SUN VALLEY, Idaho, Aug. 7 /PRNewswire/ -- Jeff
Lang, a former Deputy U.S. Trade Representative told the
International Sweetener Symposium today the U.S. government
needs to ``modernize'' its view of global sugar trade
negotiations, which are no longer a simple matter of ``tariff
and market access issues.''
Lang, a partner in the law firm of Wilmer, Cutler, and
Pickering in Washington, D.C., said, ``The key to progress in
sugar negotiations is not old- fashioned negotiations about
trade barriers; it is an entirely new and much more difficult
negotiation about adjustment.''
Lang said, in addition to import barriers, ``Subsidies,
state trading enterprises, and a myriad of other government
interventions in production, financing, and other aspects of
trade, distort and confound the legitimate market expectations
of buyers and sellers just as much in import-sensitive
industries like sugar as they do in export competitive
industries like aircraft.''
Lang said that, ``in sugar, no attention has been devoted
to this problem, even though government intervention distorts
sugar trade in virtually every country where sugar is grown.''
Lang predicted that, ``if a true measure of distortions is
applied fairly to all producers, U.S. sugar producers will be
found to benefit from fewer and less distorting government
interventions than most of their competitors. They are
reinforced in this point of view by the fact that independent
analysts tell us that the U.S. sugar industry is more
competitive than most of its foreign competition and that the
American consumer pays less for sugar in real terms than
citizens of most other countries.''
Lang said, ``I suspect this is not just because the U.S.

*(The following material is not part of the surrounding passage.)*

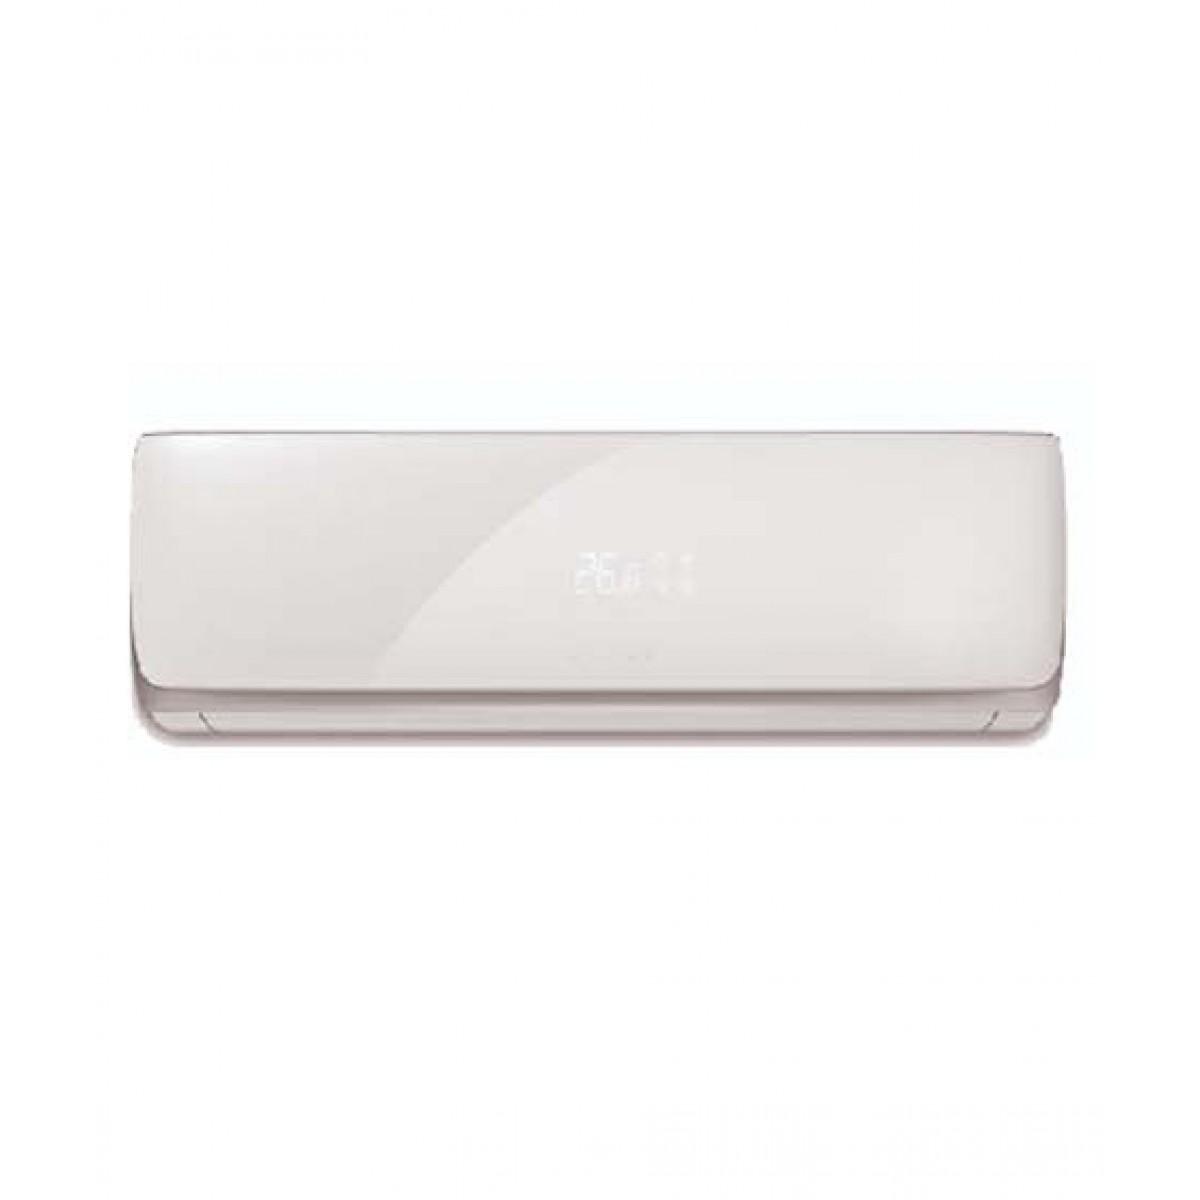 Changhong Ruba Inverter Split Air Conditioner 1.0 Ton (CSDC-12BAH+)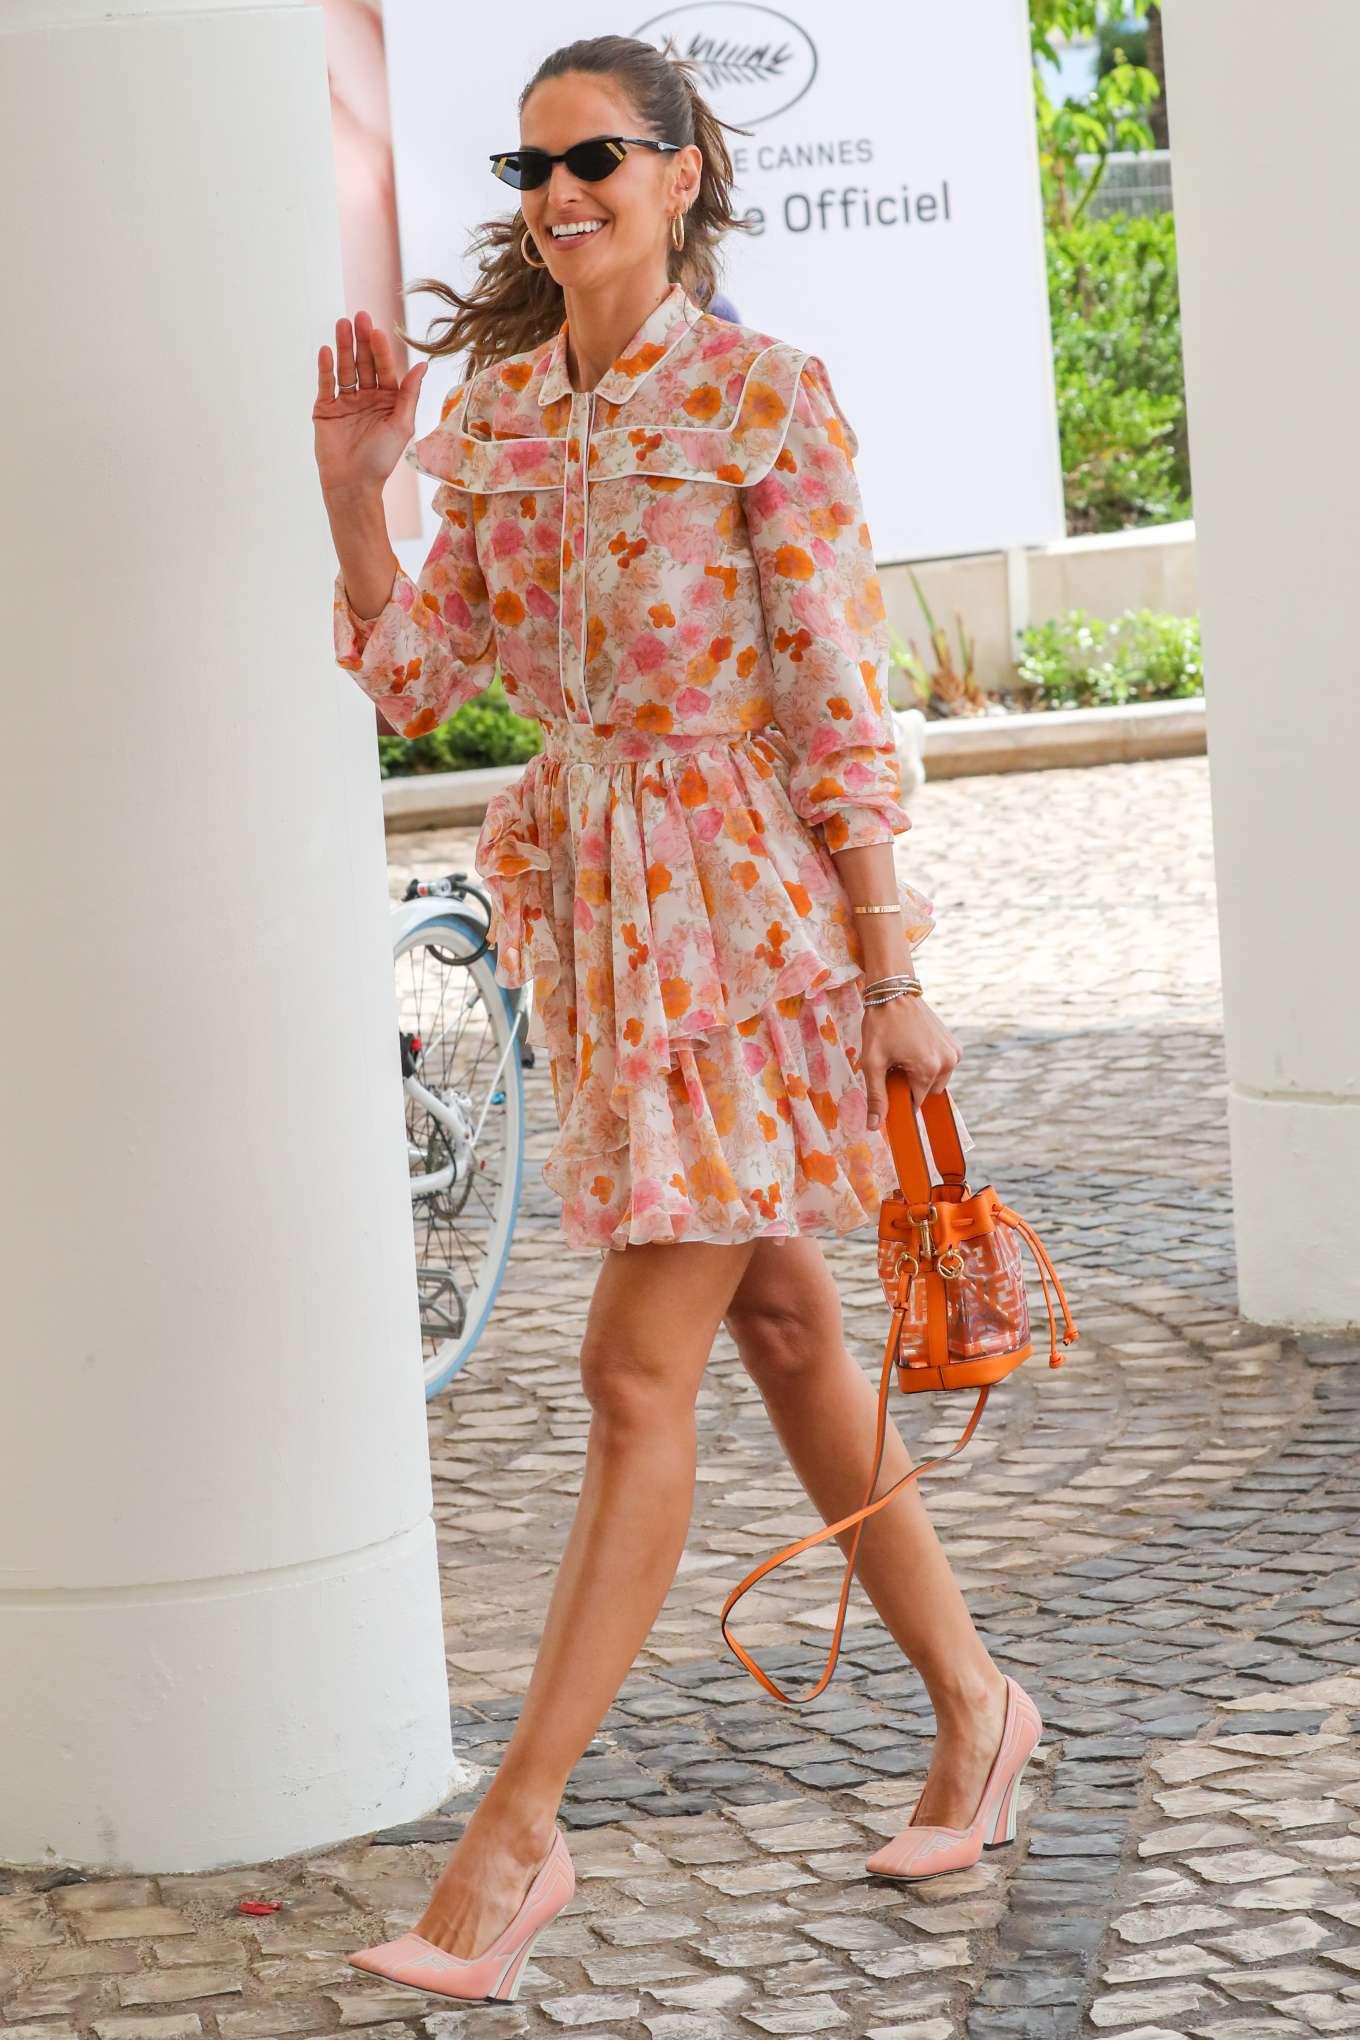 Izabel Goulart 2019 : Izabel Goulart in Floral Print Dress at the Martinez Hotel-23

government intervenes less in sugar markets than other
governments, but because it compels lower domestic prices;
provides less protection against circumvention; practically
forces competition with fructose products; provides no direct
capital input subsidies; and in effect mandates a national
deficit in production indefinitely into the future. It is hard
to think of any other sugar-producing country that squeezes
the profitability of its sugar industry so tenaciously. The
remaining producers in the U.S. are, as a result, highly
capitalized operations.''
Lang said, ``It is both unfair and contrary to the national
economic interest of the United States to allow unrestricted
importing to destroy an industry with that profile, absent
agreement to address the distortions governments undertake in
sugar.''
Lang advised that the myriad of sugar distortions should be
addressed multilaterally, and not in bilateral or regional
negotiations. ``The best opportunity to make sensible
international reform in sugar trade is in the WTO,'' Lang
said.
Lang concluded, ``Therefore, I think the U.S. strategy
should be, like the EU (European Union), Brazil, and other
major trading countries, to remove sugar from the regional
negotiations and focus the effort on a global negotiation to
remove government distortions of trade in sugar as a condition
for dismantling barriers in all countries over reasonable
amounts of time.''
The American Sugar Alliance is a national coalition of
growers, processors and refiners of sugarbeets, sugarcane and
corn for sweetener.
For more information about U.S. sugar policy visit American
Sugar Alliance at http://www.sugaralliance.org
.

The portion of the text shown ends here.